Most PRA readers know of the Bush Administration’s ideological split between Donald Rumsfeld, Secretary of Defense and Gen. Colin Powell, Secretary of State.  Rumsfeld, a lifelong hawk, is eager to expand the “War on Terror” by invading Iraq.  Powell, though he is no dove, is a pragmatic collaborationist and a Republican moderate who is reluctant to counsel that the U.S. act unilaterally. The struggle between the two for the soul of George W. Bush is the foreign policy story.

But we are currently seeing more than a struggle between hawks and doves over invading Iraq. It is a struggle over the role of the United States in the post-Cold War world. As the one country that dominates the world stage – militarily, economically, and even socially – will the U.S. be a benign manager of international conflict, playing a reactive role by intervening when some “trouble spot” can no longer be left without an international peacekeeping force? Or will the U.S. shape the world, preventing the rise of a competitor nation, determining how nations are ruled, and controlling who is allowed to exert international influence?

The Clinton Administration leaned toward the managerial role – intervening when it seemed the U.S. would lose credibility with its allies if it did not.  When George W. Bush came into office, it was nearly impossible to predict where he would fall on the foreign policy spectrum.  He had no foreign policy experience (or knowledge, it seemed). His reliance on Condoleezza Rice, an expert on Russia and Eastern Europe, seemed more consistent with his corporate ties than a true guide to his foreign policy aspirations.  During the presidential campaign, he promised to increase the pay of military personnel, attacked the Clinton Administration’s attention to military preparedness, and courted isolationists with talk of “humility” and not getting involved “willy nilly” in foreign problems. He said he would pursue only the “narrow interests” of the U.S.  Some columnists thought he would follow in his father’s footsteps internationally, as a tough “manager” of foreign crises when absolutely necessary.

But Bush’s choice of Dick Cheney, his father’s Secretary of Defense, as his Vice-Presidential running mate, and his subsequent appointment of Donald Rumsfeld as Secretary and Paul Wolfowitz as Assistant Secretary at the Defense Department, combined with the events of September 11, have opened the door for the new post-Cold War doctrine – a policy of U.S. global domination. Bush’s hawkish defense team (many of whom are former Reagan Cold Warriors) could not have created credibility for this doctrine without the events of September 11.  But the new doctrine, in synergistic combination with September 11, seems to have opened public opinion to the ultra-militaristic worldview in which the U.S. controls the world by invading and overthrowing governments it deems a threat to U.S. security.  Colin Powell most likely will not be able to stop this war train.  In fact, both he and Condoleezza Rice seem to be climbing aboard.
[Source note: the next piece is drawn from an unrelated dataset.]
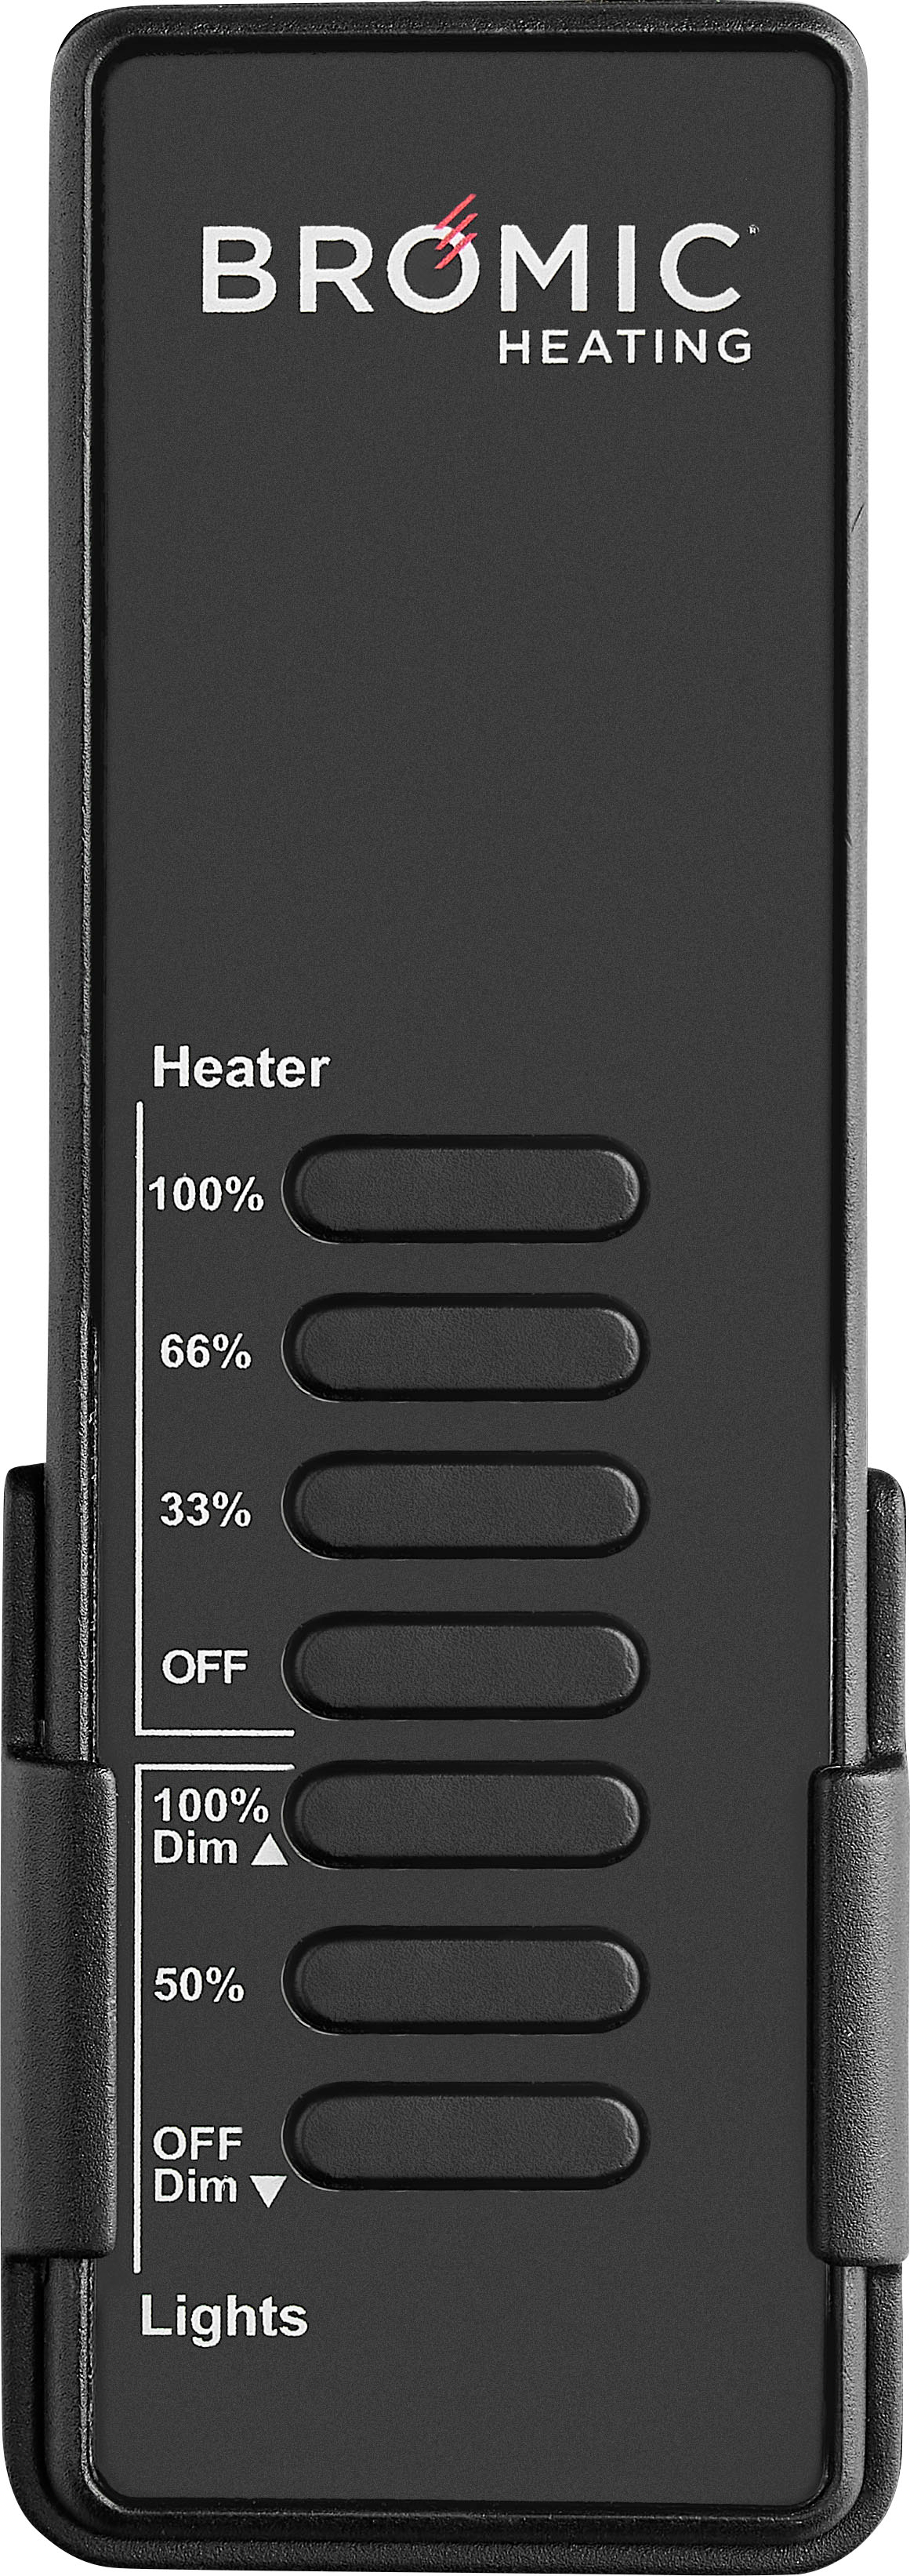 Angle View: Bromic Heating - Outdoor Heater - Eclipse Electric & Dimmer Controller - 2900W - 220-240V - Black

The new doctrine has been more than a decade in the making. As early as 1990, when Dick Cheney was Secretary of Defense, he saw the need for a grand, strategic plan for the role of the U.S. in the post-Cold War world and called for a quiet exploration of such a plan. Two strategies were formulated: one by Colin Powell and a second by Paul Wolfowitz, Lewis Libby, Cheney’s chief of staff, and Eric Edelman, a senior foreign-policy advisor to Cheney.  Cheney was more receptive to the Wolfowitz plan, but a discussion of its ideas was superseded by Kuwait’s invasion of Iraq. When the Wolfowitz strategy was leaked to the press two years later, it was characterized by reporters as envisioning a future in which the U.S. blocked any other competitor nation from challenging its dominance as the world’s single great power.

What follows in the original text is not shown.